* [WHAT IS REQUIRED]: Show the lines below where "Desktop" occurs.

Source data
►

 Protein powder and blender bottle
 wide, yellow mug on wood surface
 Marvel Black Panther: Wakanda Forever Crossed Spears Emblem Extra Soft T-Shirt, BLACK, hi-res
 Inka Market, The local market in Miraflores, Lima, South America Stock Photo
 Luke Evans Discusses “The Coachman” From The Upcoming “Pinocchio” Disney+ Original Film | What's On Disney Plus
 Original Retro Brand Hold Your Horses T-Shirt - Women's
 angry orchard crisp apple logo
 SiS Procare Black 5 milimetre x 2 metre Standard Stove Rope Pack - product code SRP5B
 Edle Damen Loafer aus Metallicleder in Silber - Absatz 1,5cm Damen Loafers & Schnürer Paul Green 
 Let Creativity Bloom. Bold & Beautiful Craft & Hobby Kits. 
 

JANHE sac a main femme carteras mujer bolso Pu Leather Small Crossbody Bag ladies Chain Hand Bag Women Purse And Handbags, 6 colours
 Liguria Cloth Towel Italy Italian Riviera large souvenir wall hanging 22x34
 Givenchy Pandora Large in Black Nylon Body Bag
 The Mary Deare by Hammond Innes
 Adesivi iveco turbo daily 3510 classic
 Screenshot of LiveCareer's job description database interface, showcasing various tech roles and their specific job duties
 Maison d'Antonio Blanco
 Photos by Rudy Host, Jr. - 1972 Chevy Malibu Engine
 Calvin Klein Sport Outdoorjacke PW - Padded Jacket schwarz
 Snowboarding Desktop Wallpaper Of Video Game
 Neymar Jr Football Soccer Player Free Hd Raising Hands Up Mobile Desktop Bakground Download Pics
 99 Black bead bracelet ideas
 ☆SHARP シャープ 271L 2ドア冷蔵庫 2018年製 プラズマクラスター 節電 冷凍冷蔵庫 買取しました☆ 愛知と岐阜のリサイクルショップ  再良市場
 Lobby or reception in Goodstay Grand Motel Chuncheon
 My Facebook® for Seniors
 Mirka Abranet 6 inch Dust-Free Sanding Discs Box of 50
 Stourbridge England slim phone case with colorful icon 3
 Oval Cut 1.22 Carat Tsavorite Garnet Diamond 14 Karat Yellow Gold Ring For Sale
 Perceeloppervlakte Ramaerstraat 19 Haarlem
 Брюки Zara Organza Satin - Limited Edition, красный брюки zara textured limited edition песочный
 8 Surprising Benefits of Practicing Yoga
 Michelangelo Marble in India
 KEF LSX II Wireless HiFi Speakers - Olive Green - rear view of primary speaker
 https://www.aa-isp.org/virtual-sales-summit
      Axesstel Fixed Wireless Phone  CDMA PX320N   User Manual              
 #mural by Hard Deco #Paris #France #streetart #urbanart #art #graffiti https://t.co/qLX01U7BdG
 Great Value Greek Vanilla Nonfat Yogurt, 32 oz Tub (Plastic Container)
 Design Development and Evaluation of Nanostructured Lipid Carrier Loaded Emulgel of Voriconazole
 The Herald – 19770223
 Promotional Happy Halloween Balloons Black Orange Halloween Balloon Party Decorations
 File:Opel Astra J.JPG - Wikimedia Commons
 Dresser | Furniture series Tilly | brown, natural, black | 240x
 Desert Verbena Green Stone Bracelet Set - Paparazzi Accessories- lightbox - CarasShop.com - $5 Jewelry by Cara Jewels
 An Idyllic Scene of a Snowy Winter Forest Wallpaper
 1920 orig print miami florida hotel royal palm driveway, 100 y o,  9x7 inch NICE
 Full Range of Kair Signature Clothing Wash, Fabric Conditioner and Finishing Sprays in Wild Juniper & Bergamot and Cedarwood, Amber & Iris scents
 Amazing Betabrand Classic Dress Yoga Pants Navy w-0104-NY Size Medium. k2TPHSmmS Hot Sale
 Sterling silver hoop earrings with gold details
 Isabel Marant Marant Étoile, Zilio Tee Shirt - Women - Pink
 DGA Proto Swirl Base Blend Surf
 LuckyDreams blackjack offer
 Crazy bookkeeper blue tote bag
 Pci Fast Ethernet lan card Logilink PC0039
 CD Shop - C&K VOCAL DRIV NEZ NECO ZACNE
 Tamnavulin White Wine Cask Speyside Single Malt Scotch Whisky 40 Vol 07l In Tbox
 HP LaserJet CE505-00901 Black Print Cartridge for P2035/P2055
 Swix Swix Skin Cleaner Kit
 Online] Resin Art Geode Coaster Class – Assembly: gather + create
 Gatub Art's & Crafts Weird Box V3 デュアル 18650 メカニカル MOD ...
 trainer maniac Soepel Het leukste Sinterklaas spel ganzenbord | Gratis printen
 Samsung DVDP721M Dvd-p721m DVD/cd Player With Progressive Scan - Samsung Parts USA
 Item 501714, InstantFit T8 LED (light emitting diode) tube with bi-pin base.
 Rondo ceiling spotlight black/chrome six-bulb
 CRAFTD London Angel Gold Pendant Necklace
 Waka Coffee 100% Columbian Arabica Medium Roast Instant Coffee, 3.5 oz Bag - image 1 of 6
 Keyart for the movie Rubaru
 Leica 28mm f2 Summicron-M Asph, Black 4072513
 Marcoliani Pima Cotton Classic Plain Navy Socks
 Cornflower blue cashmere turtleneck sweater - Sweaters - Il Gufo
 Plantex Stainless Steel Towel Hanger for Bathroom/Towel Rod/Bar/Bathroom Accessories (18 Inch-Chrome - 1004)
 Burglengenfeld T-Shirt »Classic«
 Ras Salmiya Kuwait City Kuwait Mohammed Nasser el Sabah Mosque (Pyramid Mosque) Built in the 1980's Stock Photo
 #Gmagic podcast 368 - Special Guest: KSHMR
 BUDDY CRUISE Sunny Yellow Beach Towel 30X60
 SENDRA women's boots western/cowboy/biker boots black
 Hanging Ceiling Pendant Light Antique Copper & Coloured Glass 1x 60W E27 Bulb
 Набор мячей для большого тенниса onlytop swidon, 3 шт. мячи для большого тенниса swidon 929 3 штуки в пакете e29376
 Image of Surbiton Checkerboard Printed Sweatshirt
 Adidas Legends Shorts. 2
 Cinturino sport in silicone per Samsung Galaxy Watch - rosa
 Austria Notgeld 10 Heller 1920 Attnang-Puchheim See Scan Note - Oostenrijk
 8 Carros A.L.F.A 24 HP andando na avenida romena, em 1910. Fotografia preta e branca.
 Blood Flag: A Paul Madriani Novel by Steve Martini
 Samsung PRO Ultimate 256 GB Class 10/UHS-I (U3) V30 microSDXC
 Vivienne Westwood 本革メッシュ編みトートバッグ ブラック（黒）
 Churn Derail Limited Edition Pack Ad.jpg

◄

* [RESULT OF THIS EXERCISE]:
 Snowboarding Desktop Wallpaper Of Video Game
 Neymar Jr Football Soccer Player Free Hd Raising Hands Up Mobile Desktop Bakground Download Pics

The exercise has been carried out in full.